Connections (They run deep)

Jamie Kitchen
Posts: 17
Joined: 2008-01-18
User is offlineOffline
Connections (They run deep)

Hi folks. With apologies to James Burke for the shameless title rip off, I would like to share some of the things I came across while wasting the better part of a day waiting for the family car to get fixed.

Over in Europe, while acting as director of Swiss banking giant UBS AG,  former US senator from Texas Phil Gramm over saw careless lending activities that culminated in  $43 billion dollars  in write downs on US sub prime loans. This is the biggest hit so far in Europe to date.

Now it seems they have to also buy back $19 billion dollars worth of garbage auction rate securities complete with interest rates that periodically reset higher which is a point they some how forgot to disclose to their customers.

Now you may wonder why I am wasting time posting such drivel, but a quick look at who is close to Mr. Gramm should help clarify.

It seems that this view on corporate governance is something of a family affair. Wendy Gramm who just happens to be the former head of the Commodities Futures trading Commission and wife of the former powerful senator had a long stint on the board of Enron Corp. as it drifted into an iceberg field. Mrs. Gramm has since had to pay back some of her director's fees to settle a class action law suite against her.

Nice lady.

In the U.S. senate, Mr Gramm was the prime cheerleader for the disastrous "supply side economics" policies through which Ronald Reagan and George Bush senior  were kind enough to bequeath a record sized federal deficit to Bill Clinton.

Oh and this is worth mentioning; this is the same Phil Gramm who recently stated that Americans are only imagining the poor economic conditions that are afflicting the country.

None of this would be worth a rat's ass if it wasn't that Mr. Gramm was John McCain's most influential economic adviser and a long-time close friend. Apparently Gramm was asked to quit after his less than benign comment on the psychosomatic nature of the down turn.

 

But alas, just like a bad smell, these things never seem to really go away. Gramm is heavily favored as treasury secretary in a McCain administration.

Connections indeed.

Jamie

 

 

 


nikimoto
nikimoto's picture
Posts: 235
Joined: 2008-07-21
User is offlineOffline
Few more details....and a

Few more details....and a good story on Gramm here:

www.motherjones.com/news/feature/2008/07/foreclosure-phil.html


anniet
Silver Member
Posts: 325
Joined: 2008-08-06
User is offlineOffline
Here, here!  This is a

Here, here!  This is a really good article on Gramm. . . just bummed nikimoto beat me to the post.

"I am that I am." - Proof that the writers of the bible were beyond stoned.


Wonko
Wonko's picture
Posts: 518
Joined: 2008-06-18
User is offlineOffline
Yes Jamie, by and large everything you said is correct..

.....However,

jamie wrote:
In the U.S. senate, Mr Gramm was the prime cheerleader for the disastrous "supply side economics" policies through which Ronald Reagan and George Bush senior  were kind enough to bequeath a record sized federal deficit to Bill Clinton.

 

It should be noted that switch-hitter Gramm, Democrat congressman 78-83, Republican congressman 83-85, and finally to the Senate from 1985-2002, was not really the prime cheerleader.

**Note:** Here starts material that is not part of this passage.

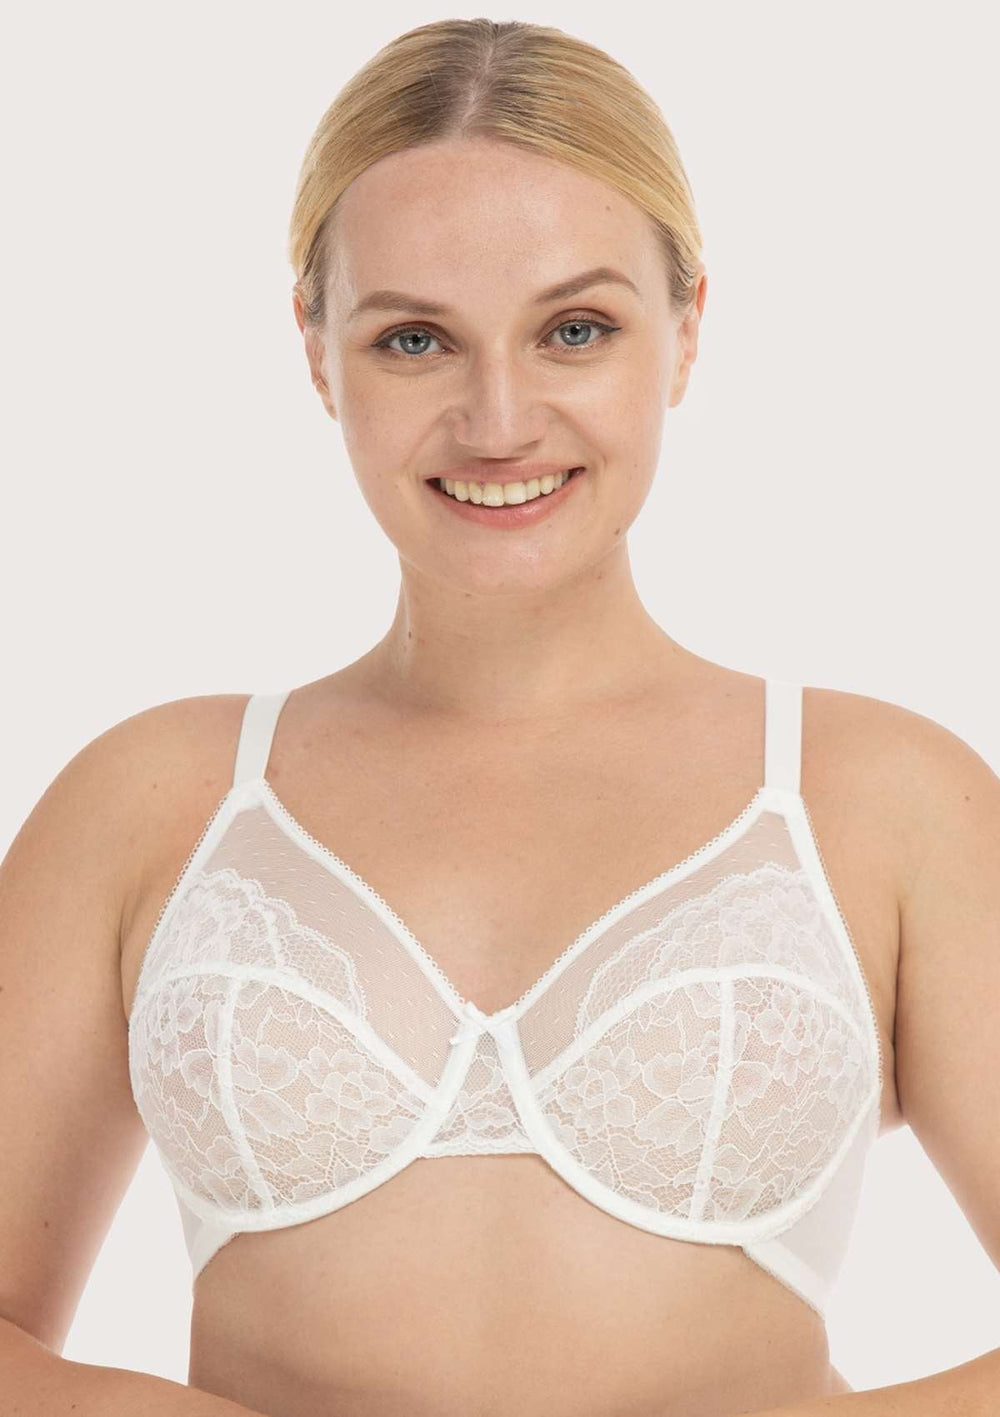 vet-ixioh Plus Size Womens 2PC Comfy Straps Daily Wear Bras Push Up  Bralette Full Coverage Bra Floral Lace T-Shirt Bra Beige at  Women's  Clothing store

That distinction, in the Senate, belonged to the following trinity:

Bob Packwood (R) Senator from Oregon, Orrin Hatch (R) Utah and Pete Wilson (R) California.

 

 The really big "Rons" that Phil Gramm belonged to were En-ron and Mo-ron, not so much Ron-ald Reagan.

 


Jamie Kitchen
Posts: 17
Joined: 2008-01-18
User is offlineOffline
Thanks for adding a few extra culprits

Thanks for the clarification Wonko. It always amazes me how these guys can be around for so long and then just ride off into the sunset as soon as every thing starts to fall apart.